See - I just made QM make sense! ;-}

Posted by David Summers at November 6, 2006 01:03 PM

What I do not understand about these Matrix scenarios is who will pay the electric bill to Consolidated Edison, and why?

As an addiction, I can see the attraction of permanently living in a virtual world. Beautiful supermodels fawning all over me and so forth (the steak scene from the Matrix comes to mind) but who pays the electric bill?

In "Matrix" evil computers keep humanity enslaved for reasons I found highly implausible. In the real world, why would they bother? And absent motives for enslavement, those in the "real world" could eradicate those in the simulated world pretty much whenever they wanted to.

= = =

If we learn how to actually download our sentience into machines (rather than link to a very good VR program) then that will change everything. But as long as we need our meatware bodies, I do not foresee VR lives being more than addictions for the uber-wealthy.

= = =

The Matrix is however a darn good allegory of gnostic religious thought. Yet as allegory it cannot be taken literally.

Posted by Bill White at November 6, 2006 03:53 PM

Addictive, quite probably. 'Uber-wealthy?' Not for long. The Holodeck-Addicted Reginald Barclay of Star Trek is the ultimate extension of TV couch potatoes and some computer/console gamers (espically massively multiplayer RPGs [EverQuest is sometimes called 'EverCrack' for a reason]).

And as with TV and electronic gaming, thre's little reason to think intensely realistic VR will necessairily require signifigant wealth, except for the early adopters.

If direct sensory inputs (for which there are probably other developmental reasons) are possible? Then abuse/addiction happens so much the faster...

Posted by Frank Glover at November 6, 2006 05:19 PM

Point taken, Frank.

Still, someone needs to pay the electric bills and feed the meatware that experiences the intensely realistic VR.

And change the Depends? ;-/

But if we are to develop a society of soma addicts, someone will still need to engage in actual economic production.

Posted by Bill White at November 6, 2006 08:08 PM

Quote from Bill: "In "Matrix" evil computers keep humanity enslaved for reasons I found highly implausible. In the real world, why would they bother?"

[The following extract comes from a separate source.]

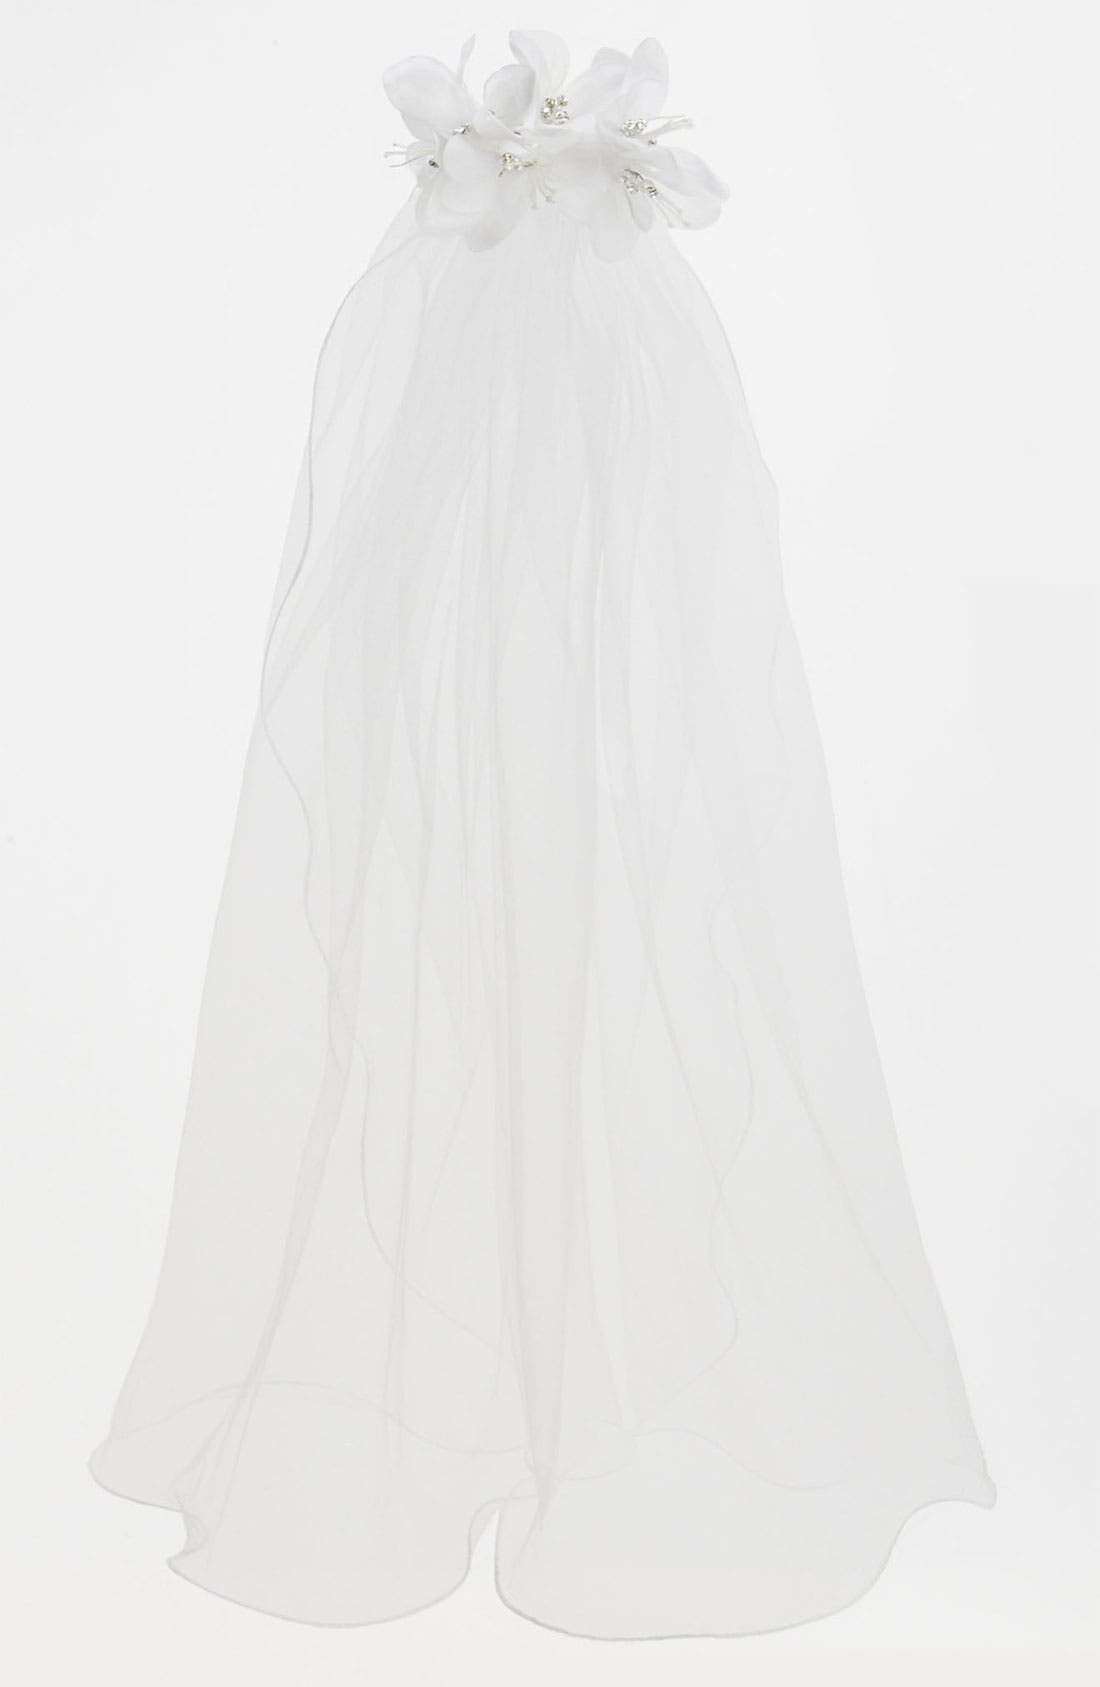 Main Image - Adrianna Cupelli 'Magnolia' Barrette Veil (Girls)

Because there was a nascent curiosity on the part of the machines about their creator. They in a way viewed us as their god. We after all created them in the image of man. Which leads one up to the question: What would you do if you could trap God in a bottle?

I don't think one could bring themselves to completely destroy God out of spite for all those things we felt he/she/it had done to wrong in the past. Then you would in a sense be destroying the link to understanding one's self.

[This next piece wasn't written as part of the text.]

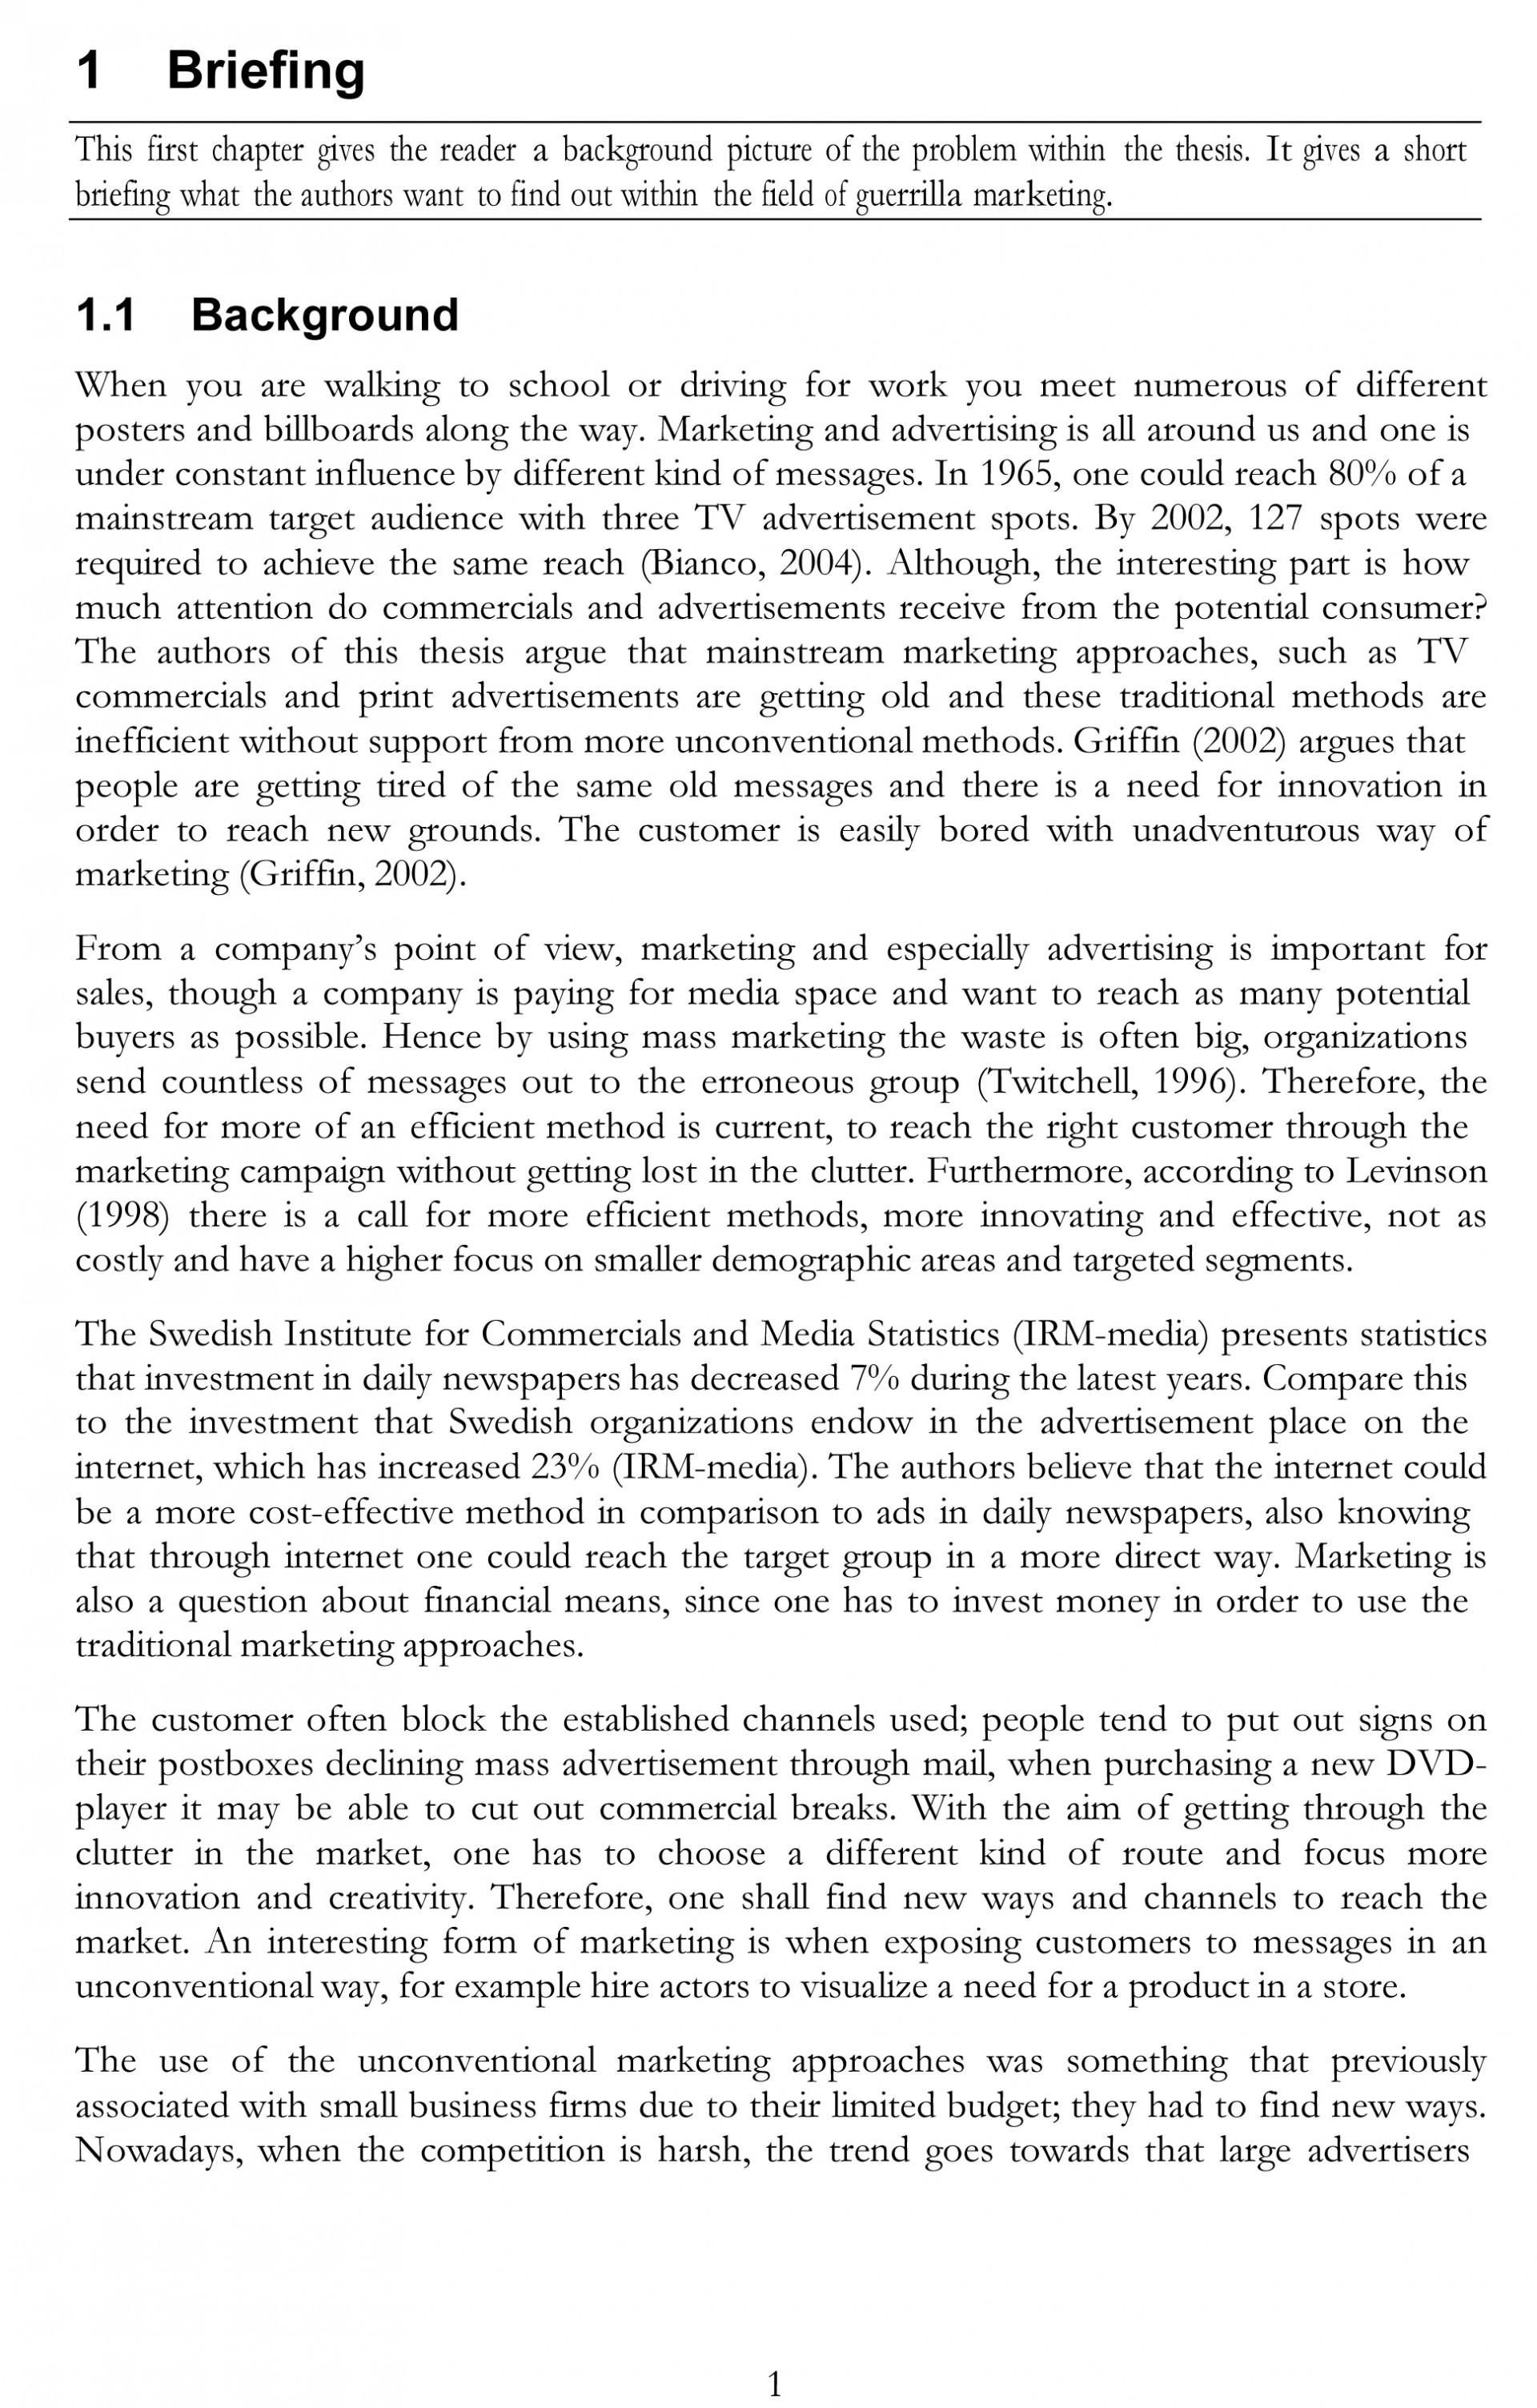 012 Marketing Thesis Free Sample College Essay Generator Amazing Outline Idea 1920

Chicken Soup for the Matrix soul.

Posted by Josh Reiter at November 7, 2006 03:40 AM

A very nice reply, Josh.

Perhaps I mis-remember the movie because the thought in my mind was that they were harvesting body heat or some such nonsense. But if Morpheus was lying to Neo (or just confused) then maybe that surface explanation was intended to be nonsense.

Perhaps a more succinct answer would be that the Matrix computers keep people alive because they love people.

Curious, indeed. But are we (should we be) eager to embrace such a future?

Posted by Bill White at November 7, 2006 06:22 AM

I wonder who told him that humans have a reproductive instinct? We certainly have a *sex drive*, but that's not the same thing at all, at least now that sex and reproduction are decouplable.

Possibly such an instinct will develop in time, but I'm not going to hold my breath.